Ou M. Harper n’aime pas les compromis qu’il devra
faire et cherche à faire échouer le
processus tout en en faisant porter le blâme,
encore une fois, aux conservateurs, ou il souhaite,
comme le dit M. Hearn, pousser les conservateurs vers
une solution rapide afin de préserver tout
le terrain qu’il occupe encore.
Dans les rangs alliancistes, on rejette ces conjectures.
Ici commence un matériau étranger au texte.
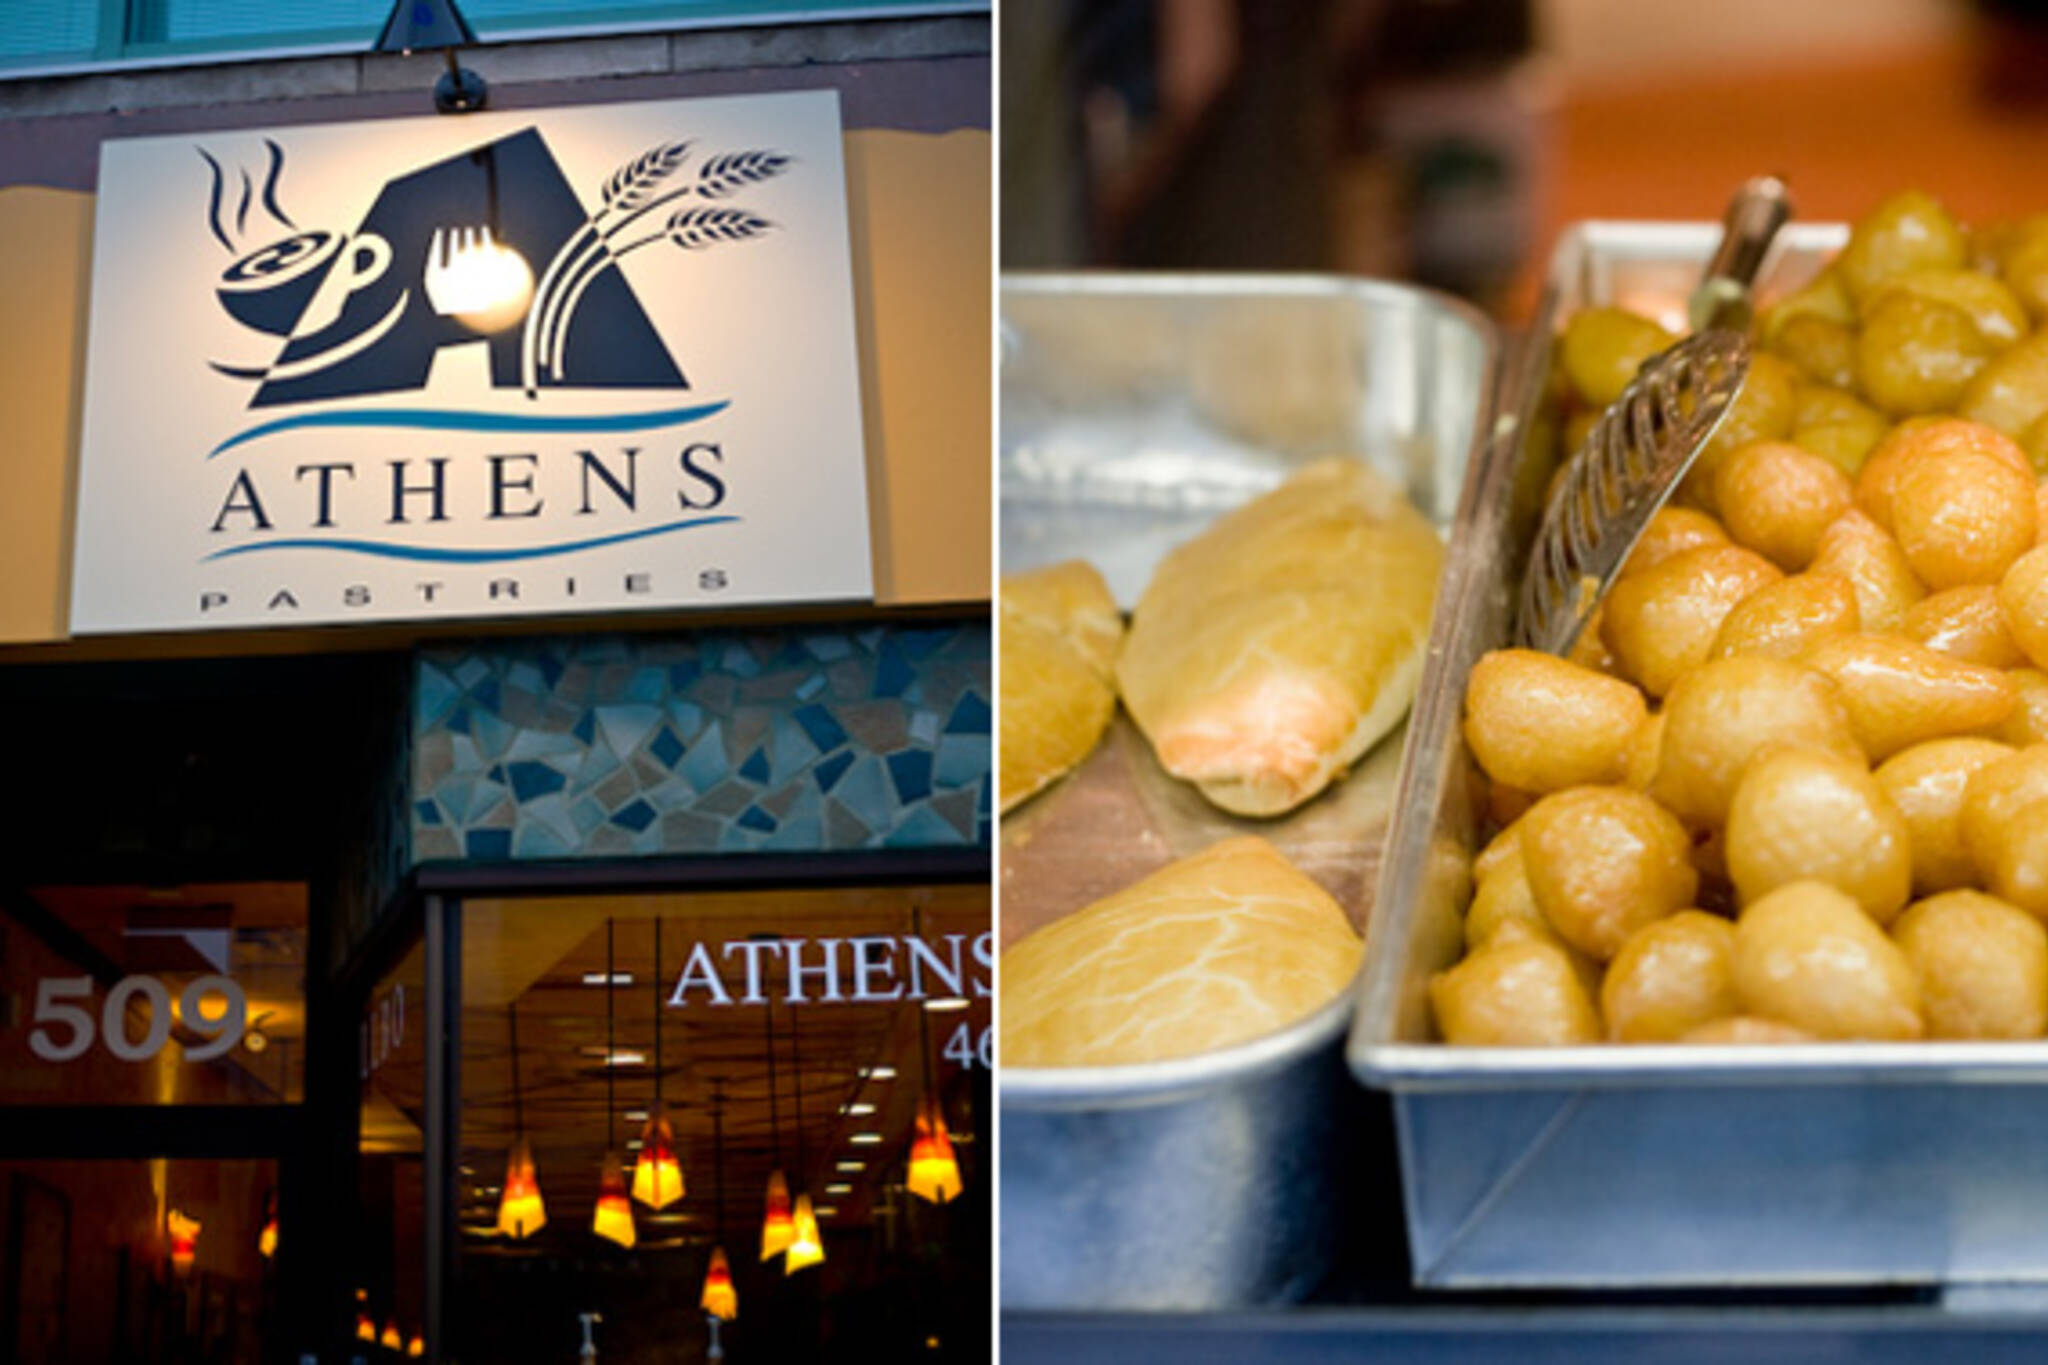 athens pastries toronto danforth greektown

On souligne plutôt que les fuites des dernières
semaines ont plutôt mis en lumière le
manque d’appui de M. MacKay. On se demande si, dans
le fond, il sera capable de livrer la marchandise
et, par conséquent, si on ne perd pas son temps
avec ces discussions.
Un fruit encore vert
Cet effort de rapprochement entre les deux partis,
le plus sérieux depuis longtemps, est la dernière
chance qu’ont les deux partis de s’entendre avant
les élections. L’affaire est toutefois loin
d’être dans le sac. Si ces pourparlers aboutissent,
les deux chefs devront ensuite obtenir l’appui de
leur caucus et de leur parti, ce qui n’est pas assuré.
Surtout pour les conservateurs.
Ils ont un obstacle unique à franchir : David
Orchard. «C’est un gaspillage de temps de tenir
ces pourparlers. Il est plus important pour nous de
reconstruire le parti», confiait-il au Devoir
cette semaine. Selon lui, la démarche actuelle
ne sert que les intérêts de l’Alliance.
«Est-ce qu’on pense que ce serait bon pour le
Parti conservateur dans la province de Québec
d’avoir une alliance avec Stephen Harper ? Je pense
que non», ajoute-t-il.
Il dit être «inquiet» et avertit
qu’abandonner le nom du parti ou l’obligation de présenter
des candidats conservateurs dans tous les comtés
équivaudrait à trahir l’entente intervenue
entre lui et
M. MacKay lors du congrès au leadership de
mai dernier.
M. Orchard n’a pas parlé à M. MacKay
récemment, seulement à son chef de cabinet.
Il est clair cependant qu’il a son chef à l’oeil
et il tient à rappeler que «le parti
a une constitution et que, pour la changer, il faut
obtenir l’appui des deux tiers des délégués
à une réunion convoquée à
cet effet».
Or les supporteurs de M. Orchard lui sont très
dévoués, et ce, depuis longtemps. Ils
ne se sont rangés derrière M. MacKay
au congrès qu’après avoir pris connaissance
de son entente avec leur candidat.
David Orchard n’a pas mis fin à ses activités
politiques. Son site Internet et les lignes téléphoniques
de sa campagne au leadership fonctionnent toujours.
Il n’en parle pas mais, s’il s’y
met, il peut remobiliser son monde pour le congrès
qui devrait modifier la constitution du PC.